The complication is he lives in the country 3.5 hours from me.  My deadbeat/criminal/ Psycho stepbrother lives next door who has put the old fella in hospital 3 times now beating him up because he wouldn't give him money or whatever it was he wanted.  His mother gave him handouts but now she has gone, things are getting desperate and I know where hell be looking for another fix. I'm hoping now that I'm back around he's thinking twice. Not that I think he's smart enough to be scared of anyone but maybe he's just gutless that the old fella has someone on his side and the clown whom I have had run ins with before knows there will be repercussions.
I just wish he would go try to steal or embezzle something else and get caught so he can get locked up and take one load off my mind. He has a long record of assults so maybe he could just pick on the wrong person and they would fix him up in more than one way AND getting him locked up for good measure.

The old fella is naturally scared of him and it impacts his life. He won't move back to the city with us because he holds the fears many country folks do when they have been away from the big smoke for a long time. He has a few, but not many friends up there ( thanks to the bitch) and it is his life and what he knows.
He also still runs a business and every time I visit I wonder how the hell thats going to be either wound up or sorted out with or without him.

I worry if he will hurt himself on the property, I worry if he'll have heart attack or similar and I worry if the certified Violent nut case the authorities won't do anything about next door will trip out and come over and do the old fella in.  If he does step foot on the property for any reason though, I will make sure the error of his ways is made clear by some people that are very effective communicators and behaviour modifiers. Hopefully he'll just stay the hell away but the odds of him doing the right thing or exhibiting any common sense have been repeatedly proven to not be good.

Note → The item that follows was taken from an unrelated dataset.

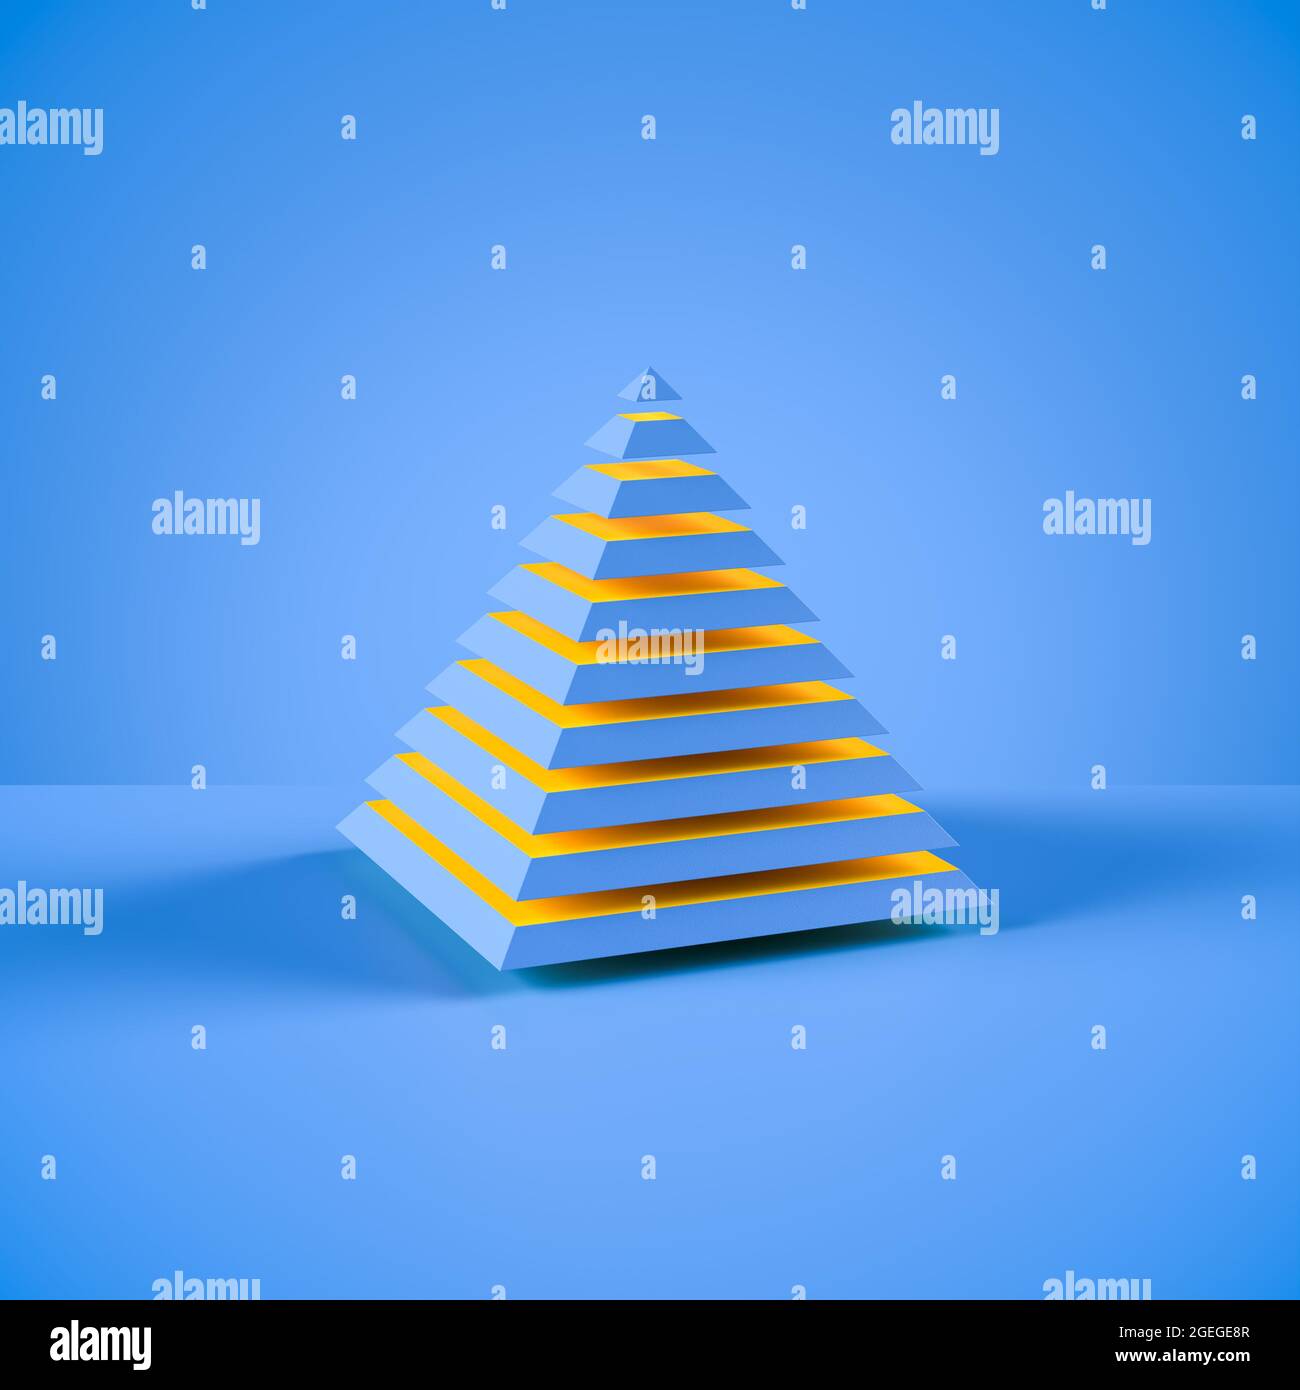 Abstract image of a blue pyramid cut into pieces with yellow inner surfaces. Strict hierarchy concept. Blue background. Stock Photo
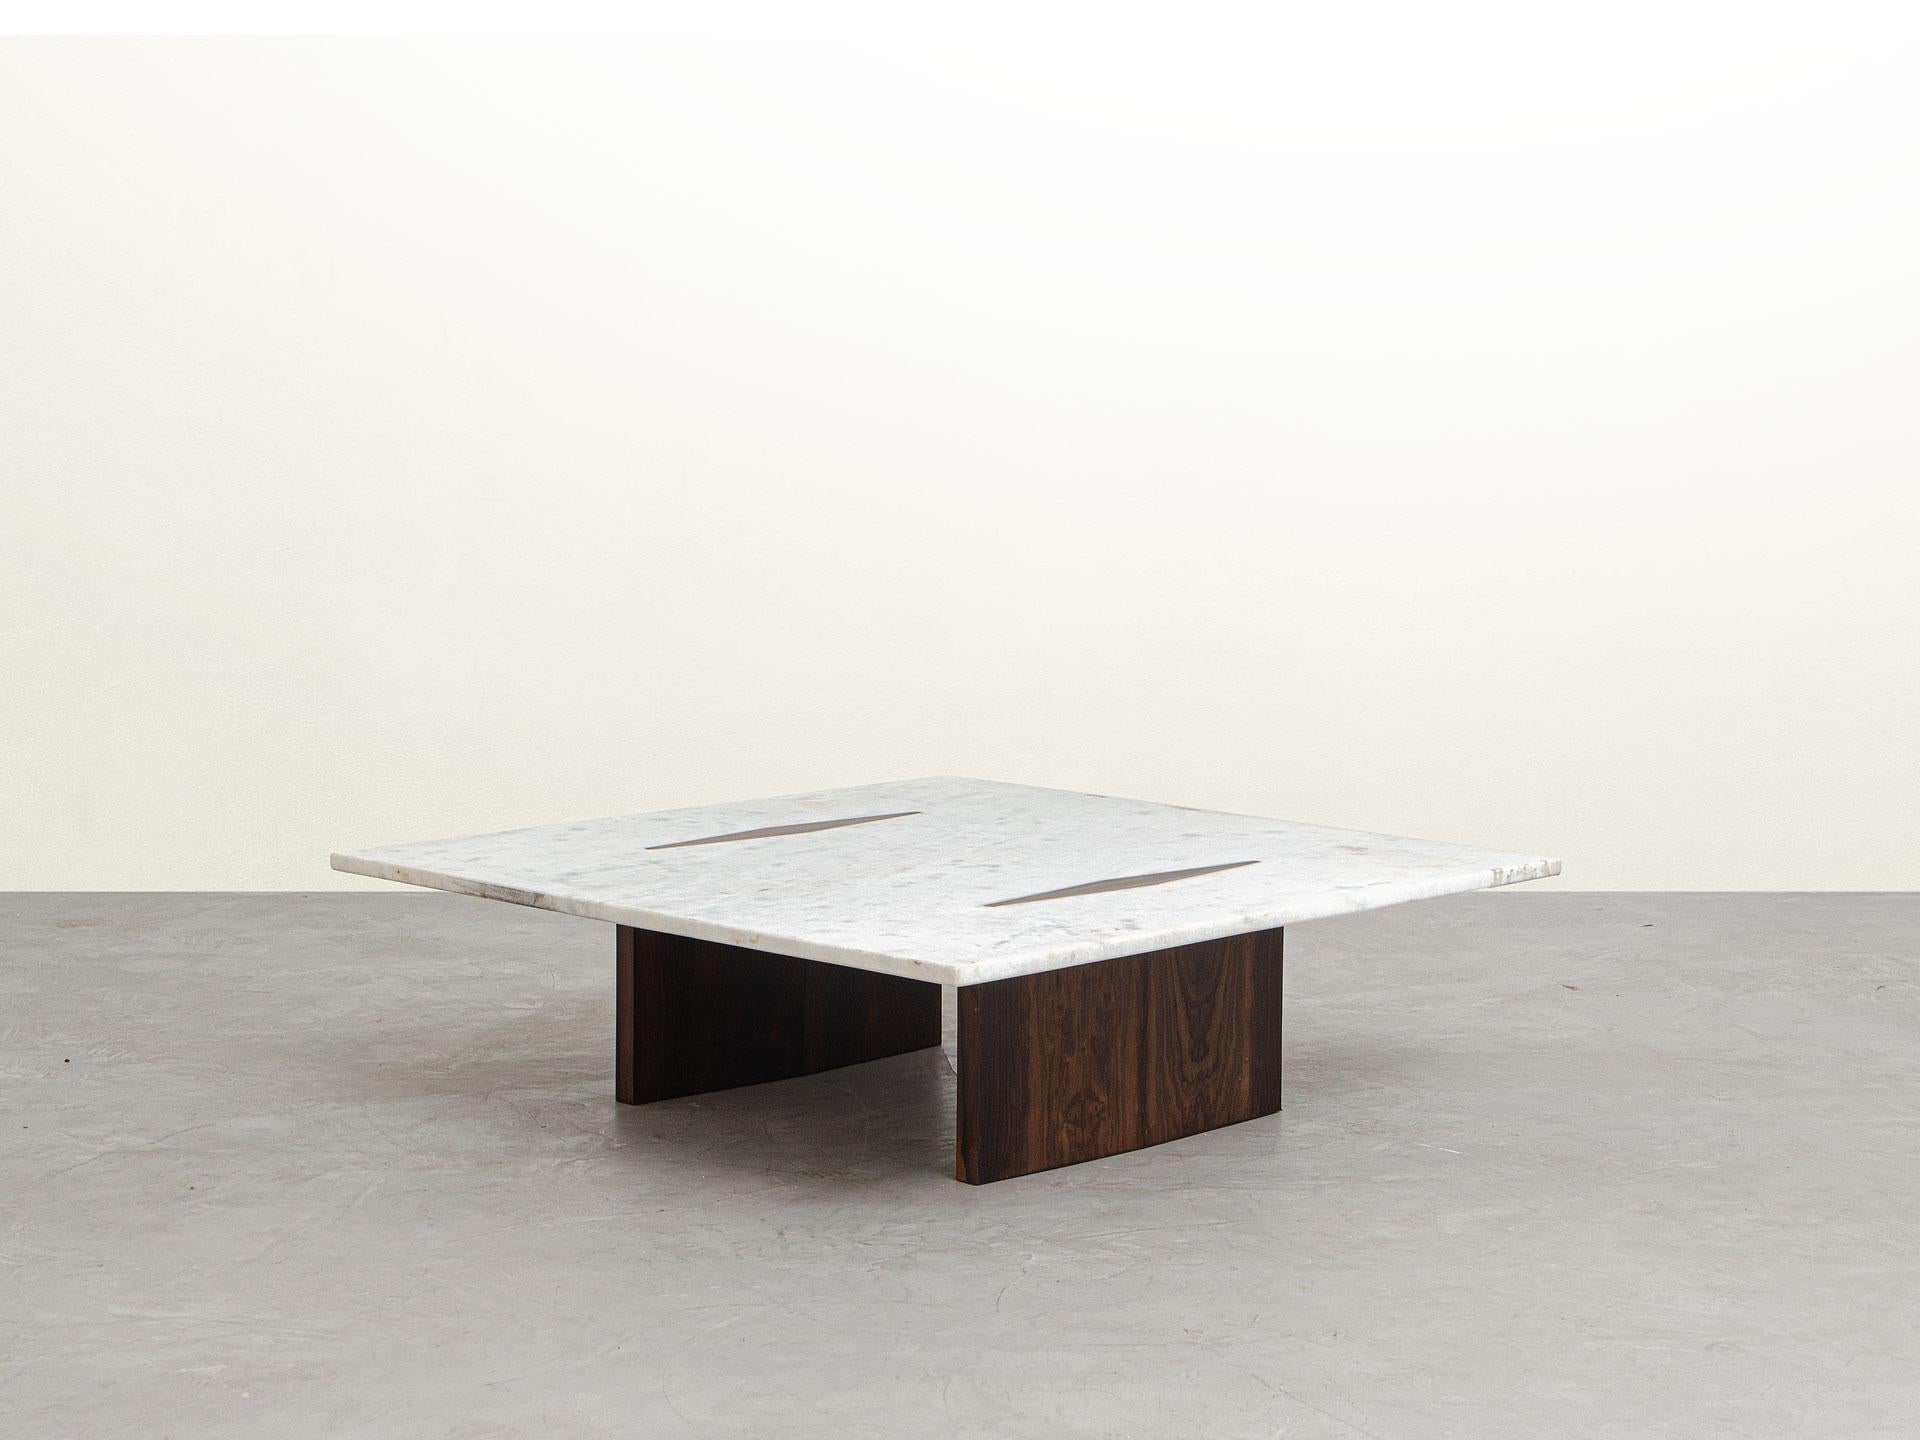 This rare coffee table was designed by Jorge Zalszupin during the Brazilian midcentury, in the 60s. The

I really want the old fella to come live with us so I can look after him and keep an eye on him but it isn't going to happen. No matter how often I go up there, there is still so much time when he is alone and vulnerable to all sorts of things. Unfortunately it's just not practical to rip up my families lives to go to him and frankly we'd all go nuts in the small town he lives in.

It would be hard for him to uproot his life as well but if he does get sick, he may have no choice because I can't look after him 250 Miles away.  I have already asked him to sell up and I'll do the same and we'll buy a place with his own space so he can have company or privacy whatever he wants.  That was the same thing I asked my father in law about which he was looking forward to but unfortunately he never got that far.

It's a real funny thing me having a parent after all these years and while it's great, it's also a big worry that I could do without but can't shirk the responsibility of.
It will be interesting to see when My wife and I get to his age how our kids will be with us. Somehow, I don't think their generation will have the same sense of responsibility and worry about us that we hold for ours.

Hopefully I'm wrong.

rl71459

Hi Bob

Best wishes to you and your family. Even though I know how tough it can be having our loved ones ill. I also know how it is
to have lost them too early! I am 55 and my Dad passed 19 years ago, My Mom long before him. I miss them sooo much.

May your dad recover quickly! Best of luck to you and youre family & friends.

Sincerely
Rob L

Henry W

Hi Bob,
My wife, family and I have you and your family in our thoughts and prayers.